Phosban, tips, tricks, questions? I wanna know what you know? And I want to know what you want to know?

I have been using ferrous oxide for about 3 months in a brs dual stage reactor. Initial impression, it did wonders for my cyano issue but, the old timers are right! It will not fix the root of your phosphates. So far I have been patient with dialing in my system and think I'm getting closer to my issue which seems to be feedings. Yes I know some one on here has already gone over this with me okay I don't care I'm still tweaking it in and if you don't like it don't want to here it please move on I don't care, I'm taking a patient approach to what I'm doing and I may change feedings for months and months before I get it right sew me.

I use phyto feast for corals and I switch between brine and pellets for my fish. I have tried scaling back feeding to every 3 days but found my fish to start looking too thin. I even lost one because the other fish became agitated and naturally selected him to go. It was a mistake.

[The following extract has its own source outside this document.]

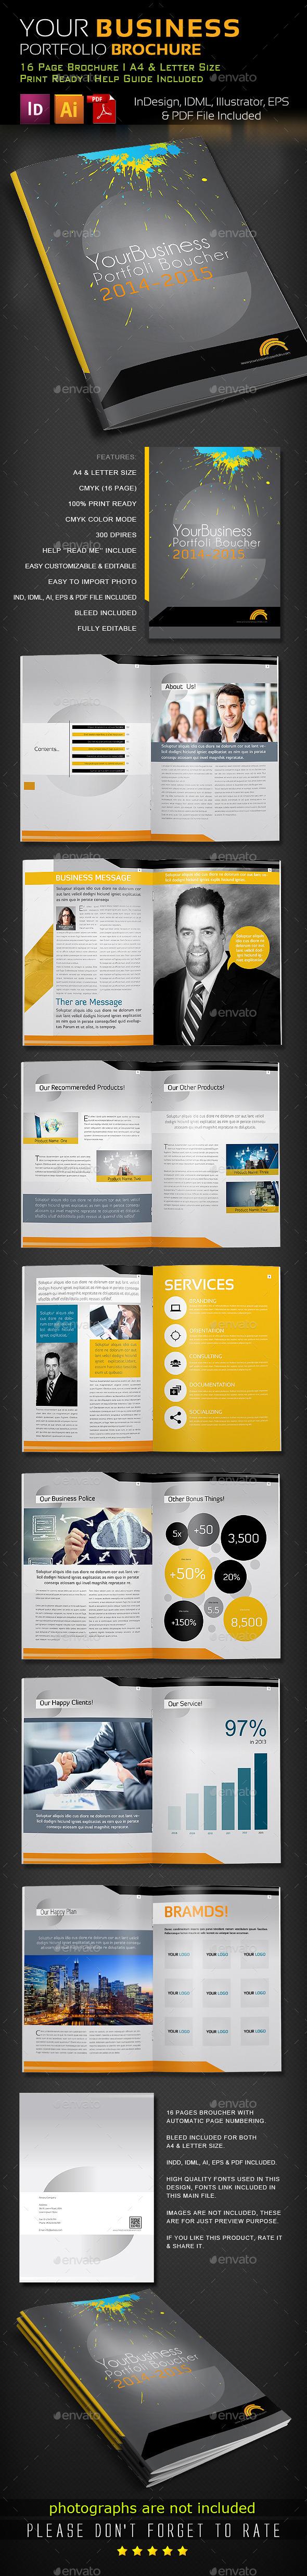 GraphicRiver Corporate Business Brochure 8795673
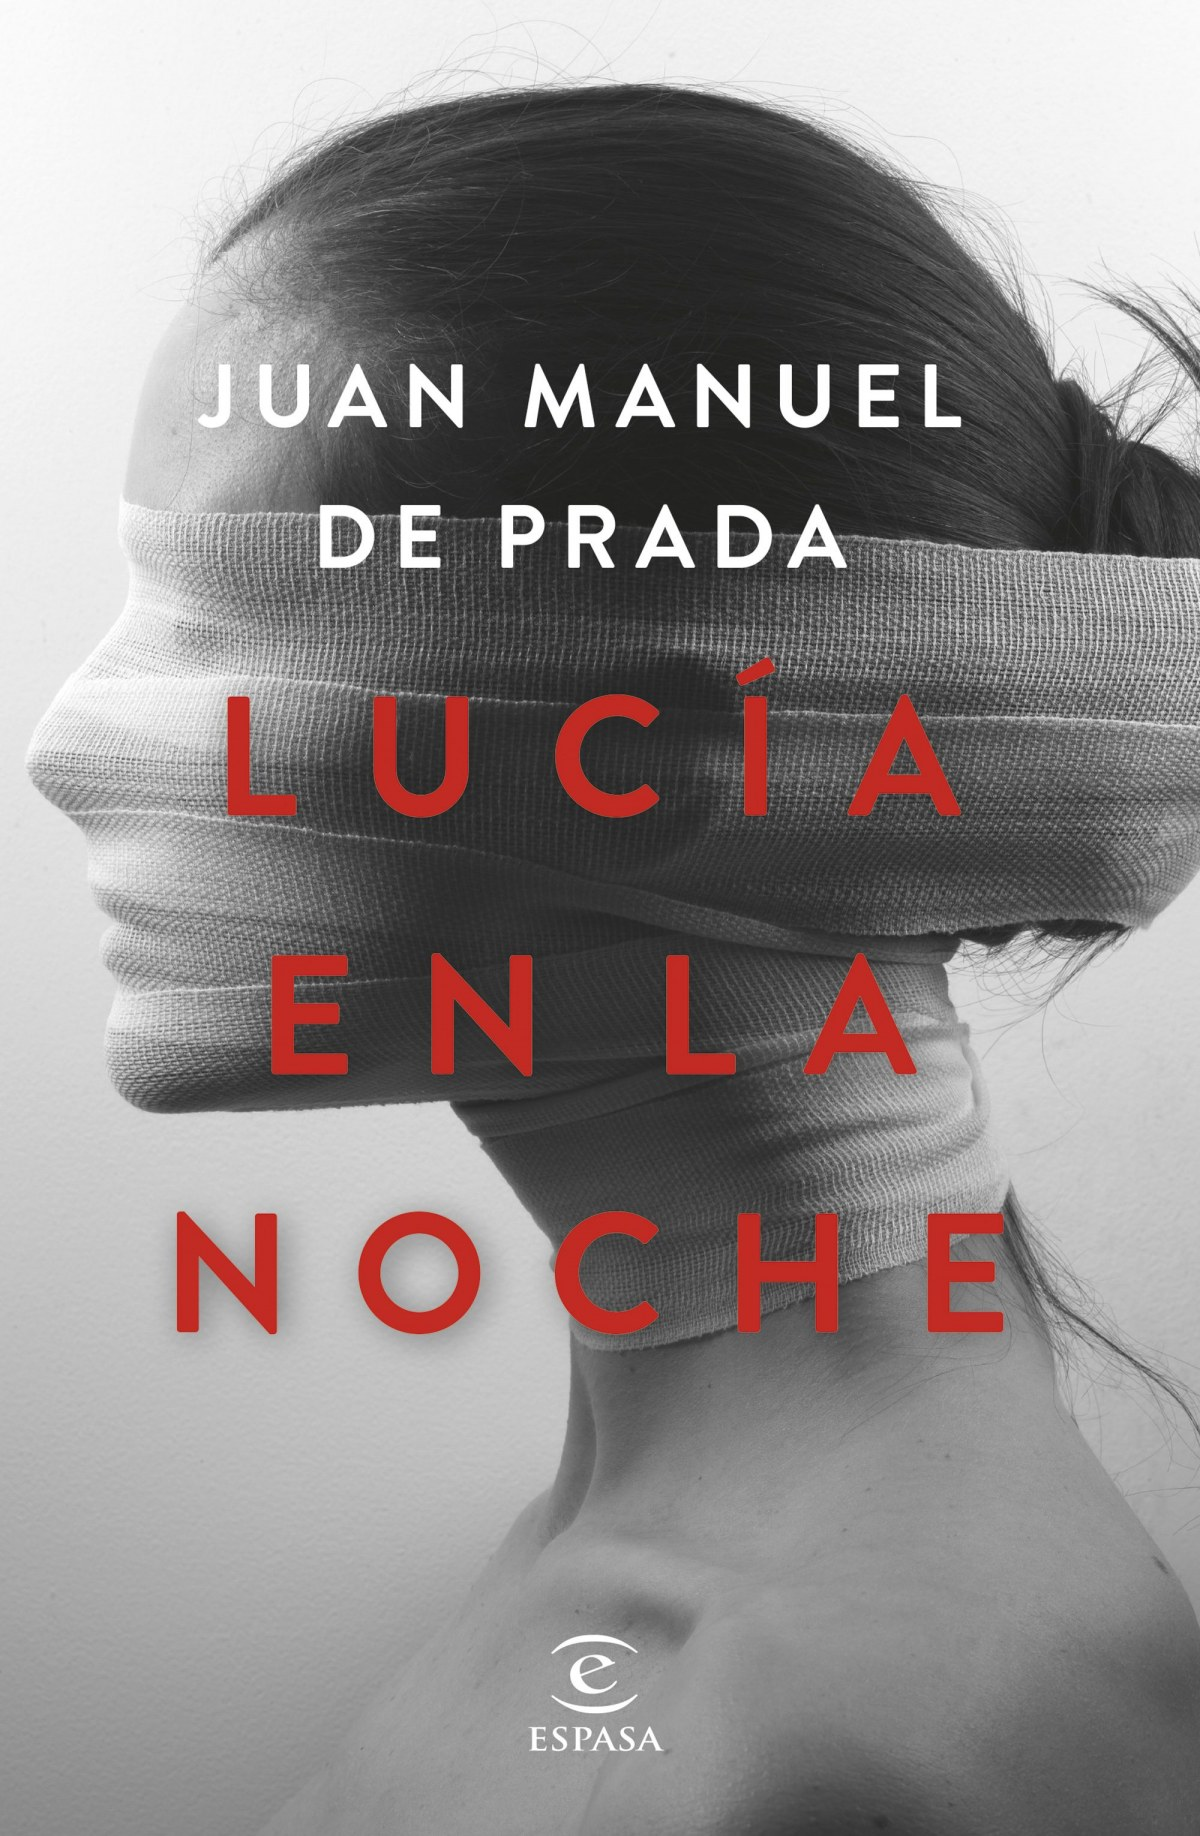 LUCIA EN LA NOCHE 9788467054286

I liked that fish but we all have to mess up to learn sometimes.
So I started on every other day feedings but cut down portions and this is where I am now. Previously I was feeding every other day but was definitely going overboard. I'm still tweaking it in. I have found that other people's advise on feeding your tank is not going to help you in my opinion, because each tank is unique and will require you to take time to get it right. Some coral food is recommended dosages is out of controle I can't get away with half the recommendation the give us. I'm having difficulty balancing feeding and keeping nutrients in check this is my definit problem. I don't want to be dependant on Phosban to keep my tank in check so I will continue with figuring out how to feed and not creat excess nutrients. I find Phosban seems to exhaust itself in my tank within 2 or three weeks using the recommended dosage. I do 10 gallon weekly water changes with ro/di, tds never over 3ppm and I run a fuge with chaeto on 1in mud under 1/2in sand. My corals look great fish are doing awsome but still small amount of phosphate not enough to take hold over the tank or even show up on my Hannah checker just enough to annoy me.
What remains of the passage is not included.